Transcribe all the data below exactly, leaving its pictures out.

SUPPLIED MATERIAL:
--- START ---
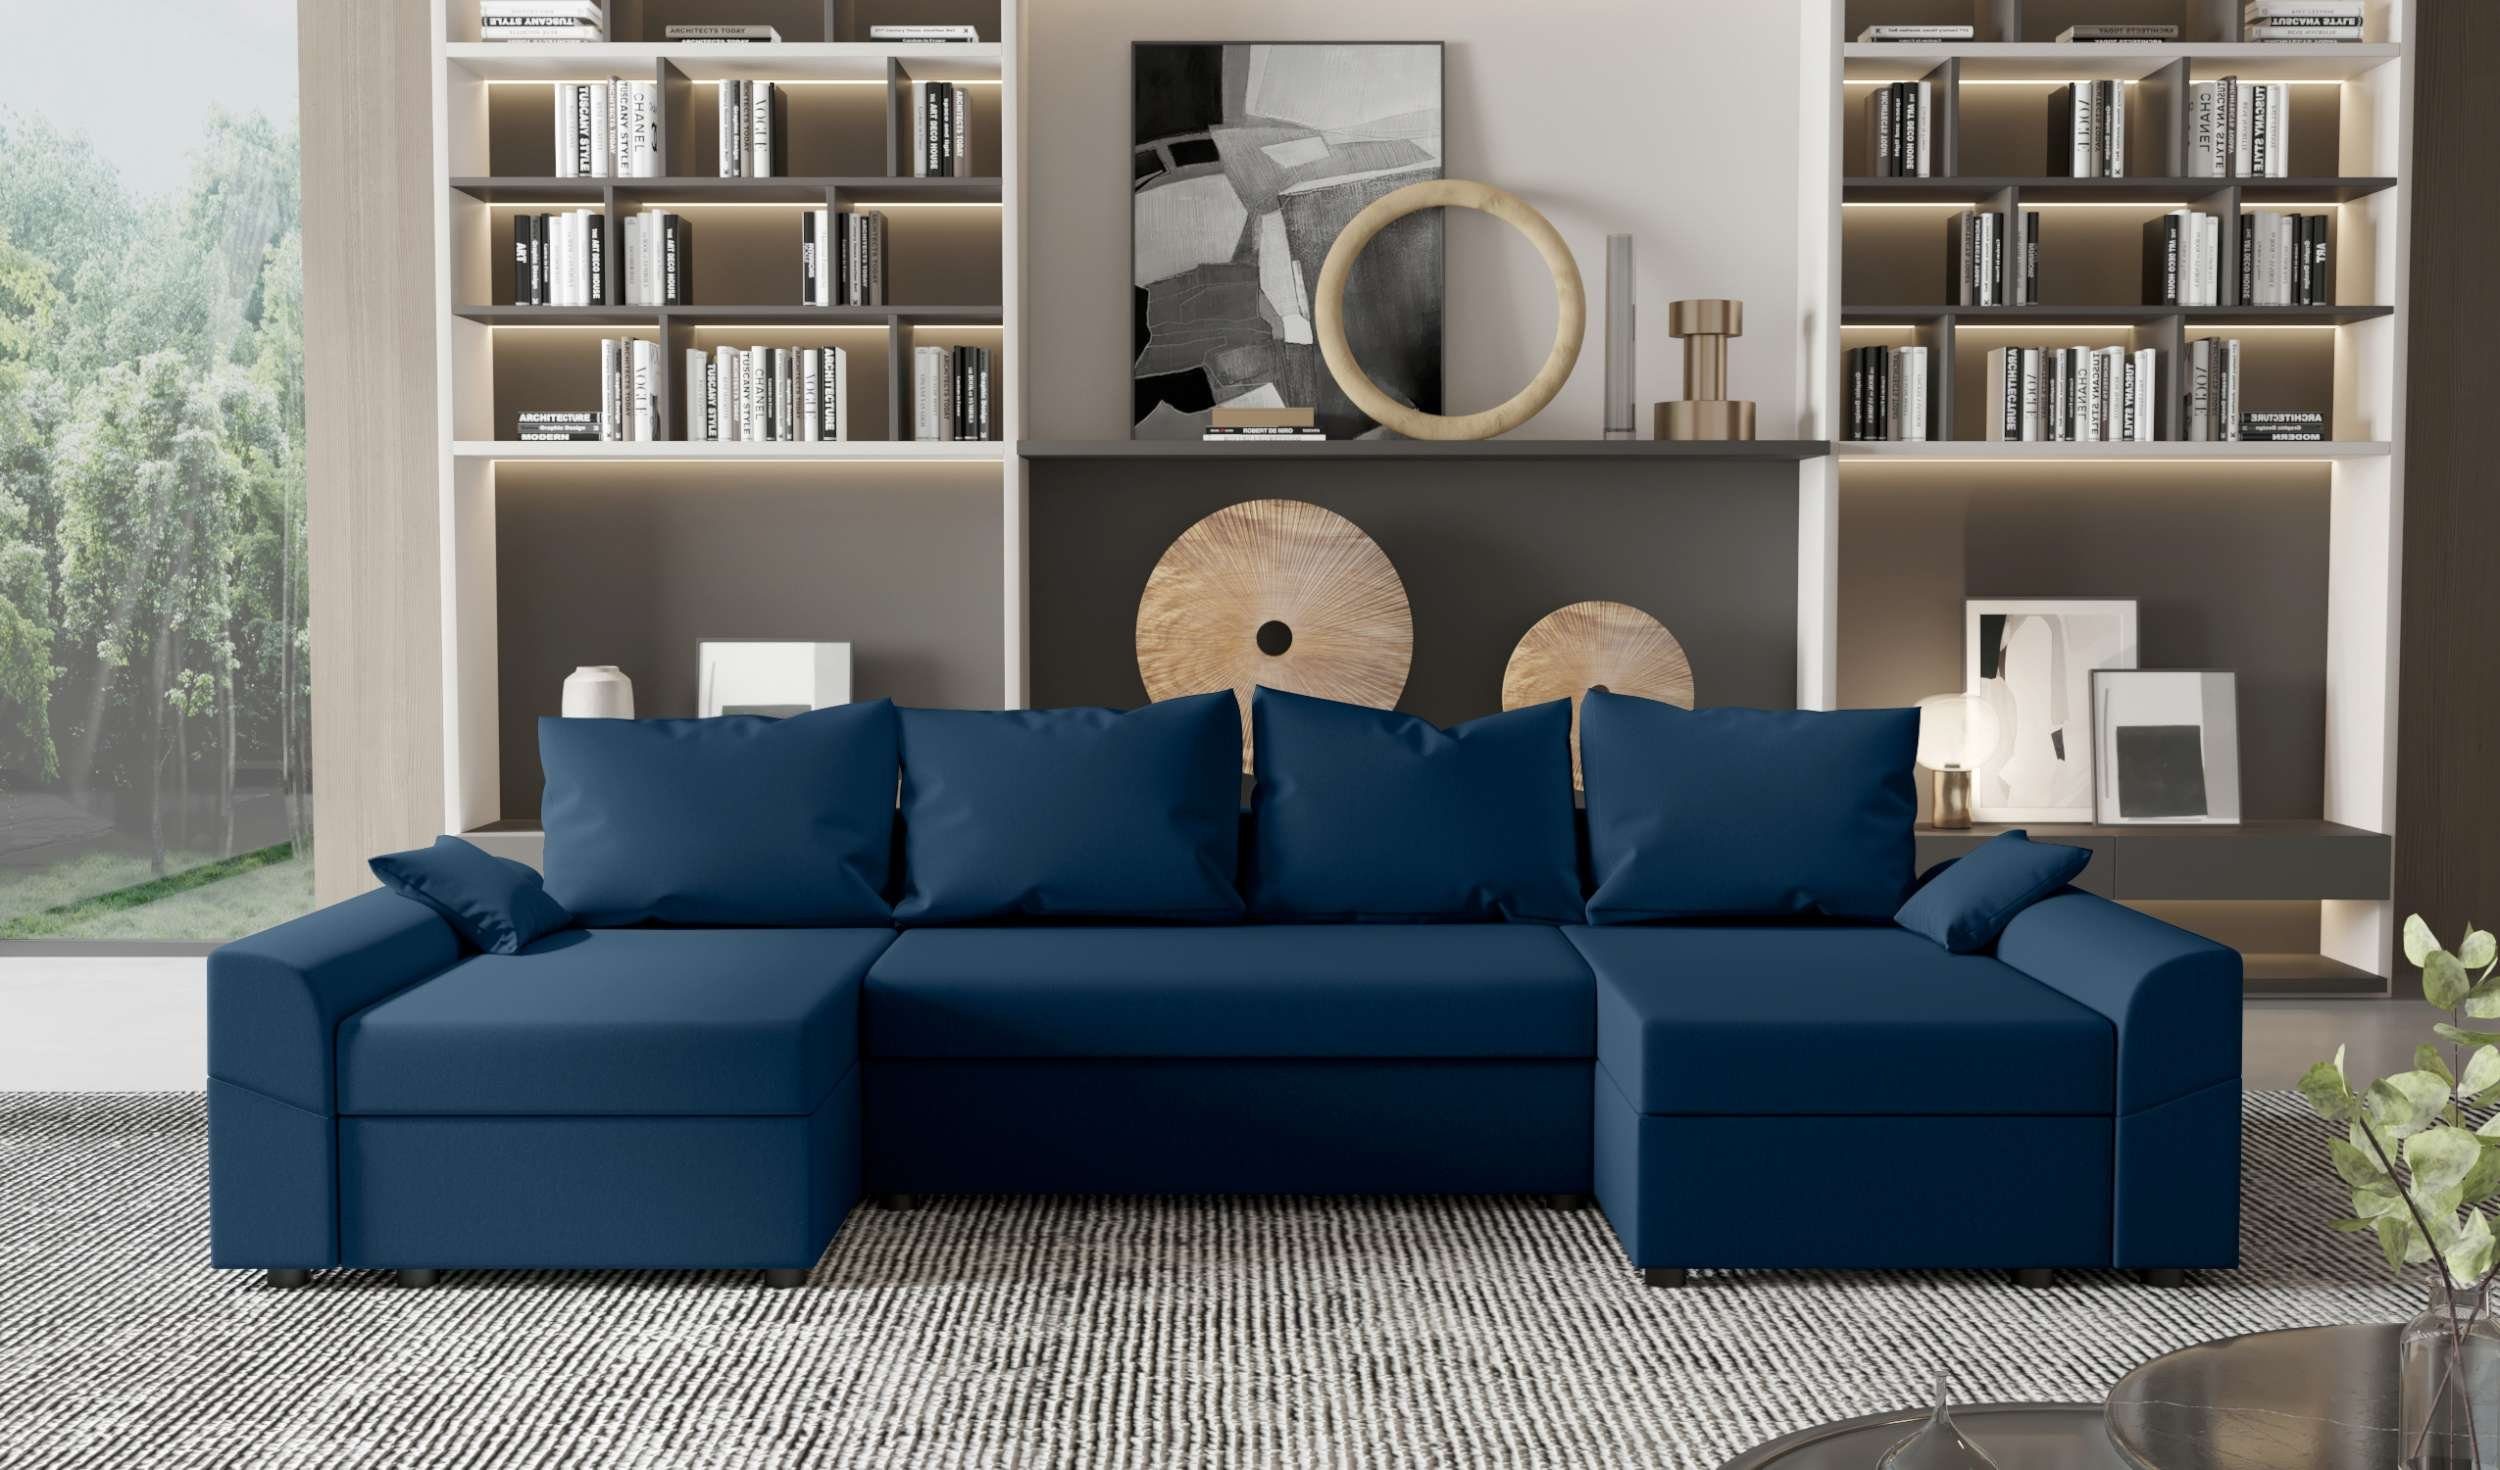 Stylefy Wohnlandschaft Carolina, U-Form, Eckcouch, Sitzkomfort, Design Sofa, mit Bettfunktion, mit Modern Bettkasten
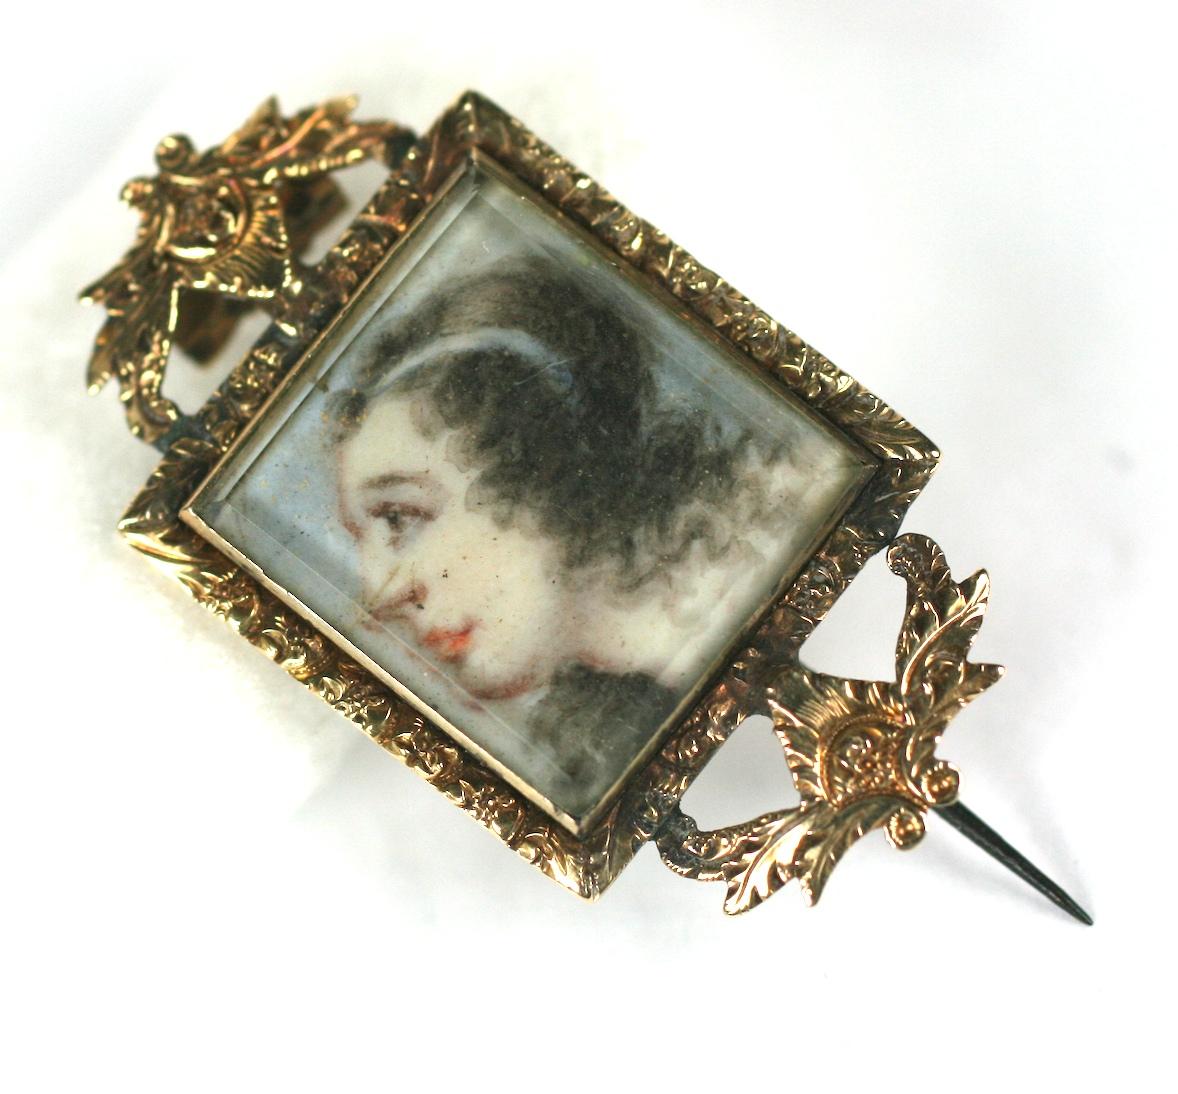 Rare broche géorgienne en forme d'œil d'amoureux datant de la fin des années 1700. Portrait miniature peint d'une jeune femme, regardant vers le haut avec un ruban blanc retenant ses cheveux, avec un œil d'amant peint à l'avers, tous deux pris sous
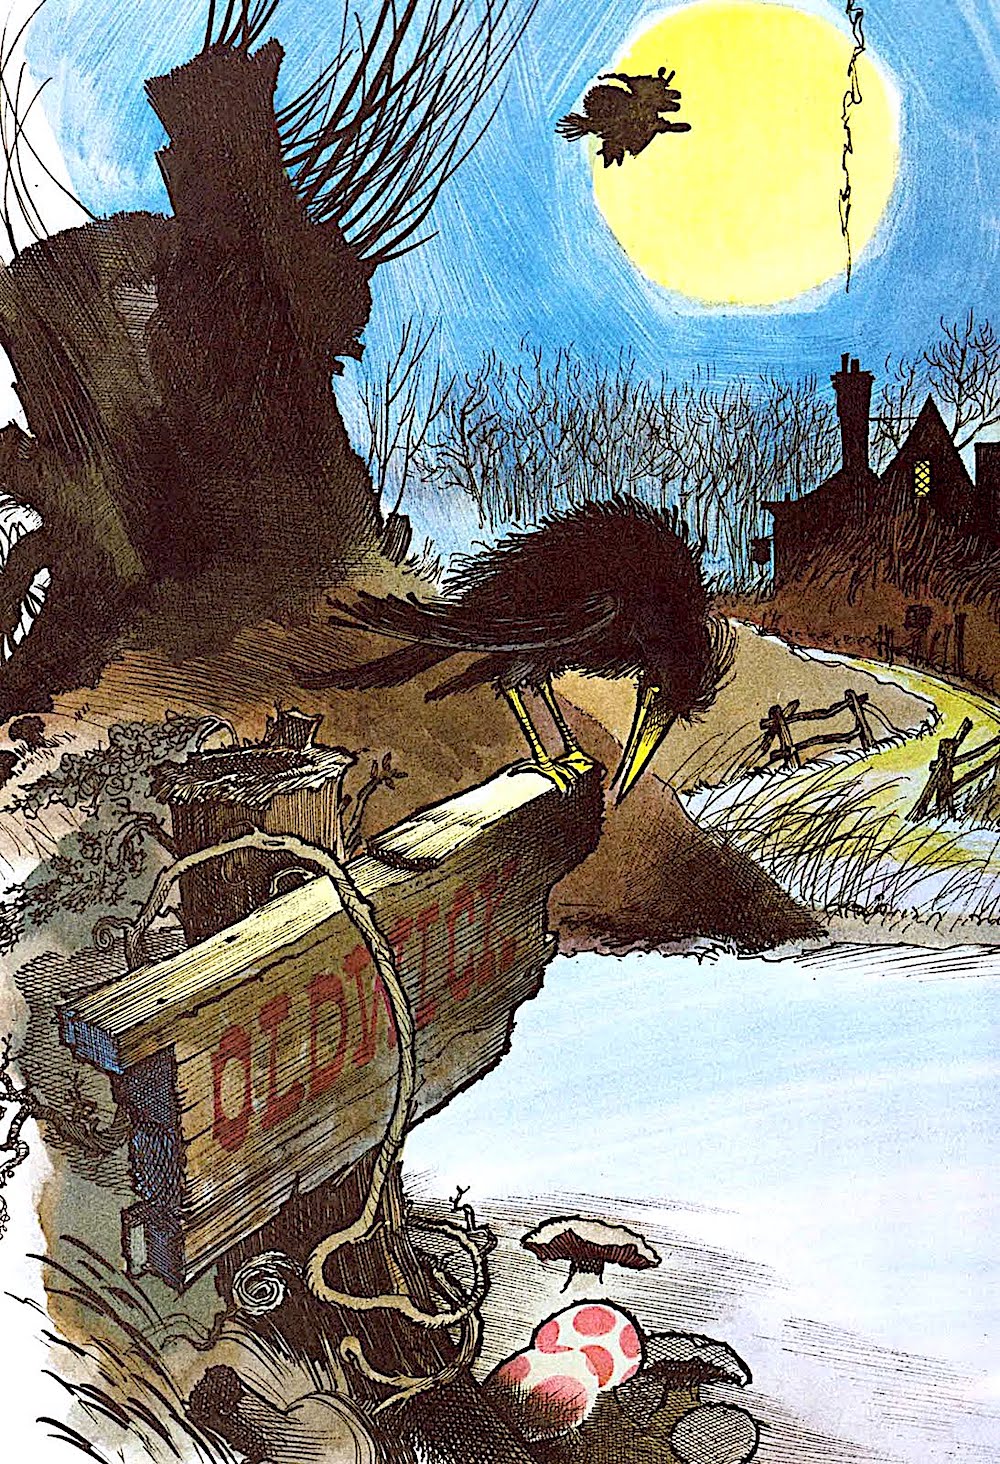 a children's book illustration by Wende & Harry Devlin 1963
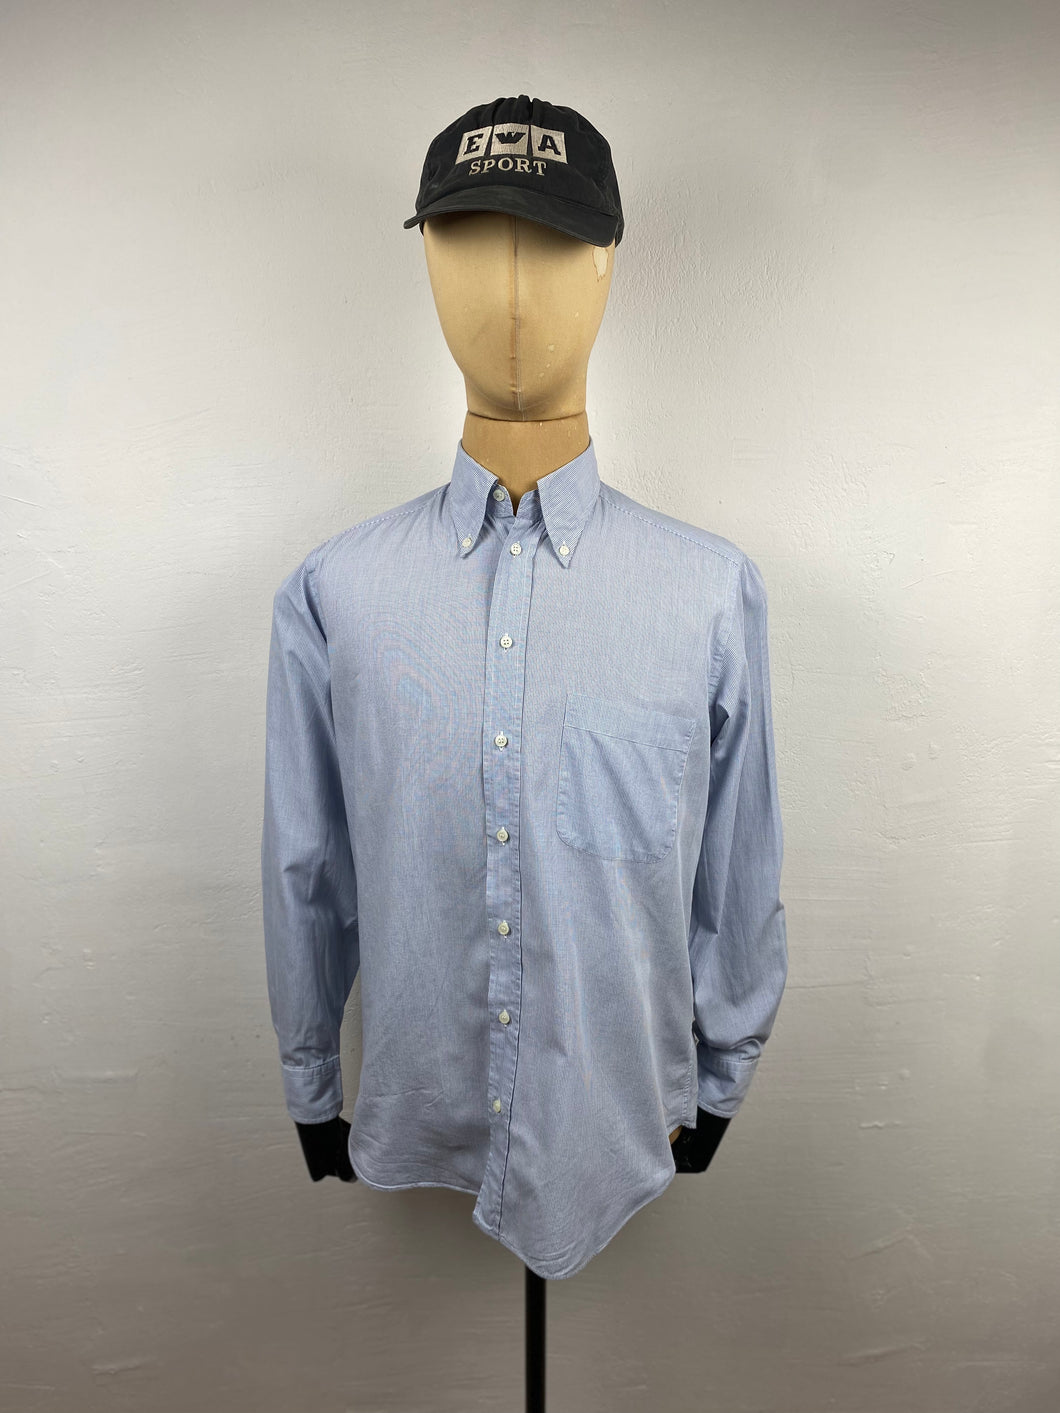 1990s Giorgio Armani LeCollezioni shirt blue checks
--- END ---
TASK SOLUTION:
 Stylefy Wohnlandschaft Carolina, U-Form, Eckcouch, Sitzkomfort, Design Sofa, mit Bettfunktion, mit Modern Bettkasten
 Rare broche géorgienne en forme d'œil d'amoureux datant de la fin des années 1700. Portrait miniature peint d'une jeune femme, regardant vers le haut avec un ruban blanc retenant ses cheveux, avec un œil d'amant peint à l'avers, tous deux pris sous
 a children's book illustration by Wende & Harry Devlin 1963
 1990s Giorgio Armani LeCollezioni shirt blue checks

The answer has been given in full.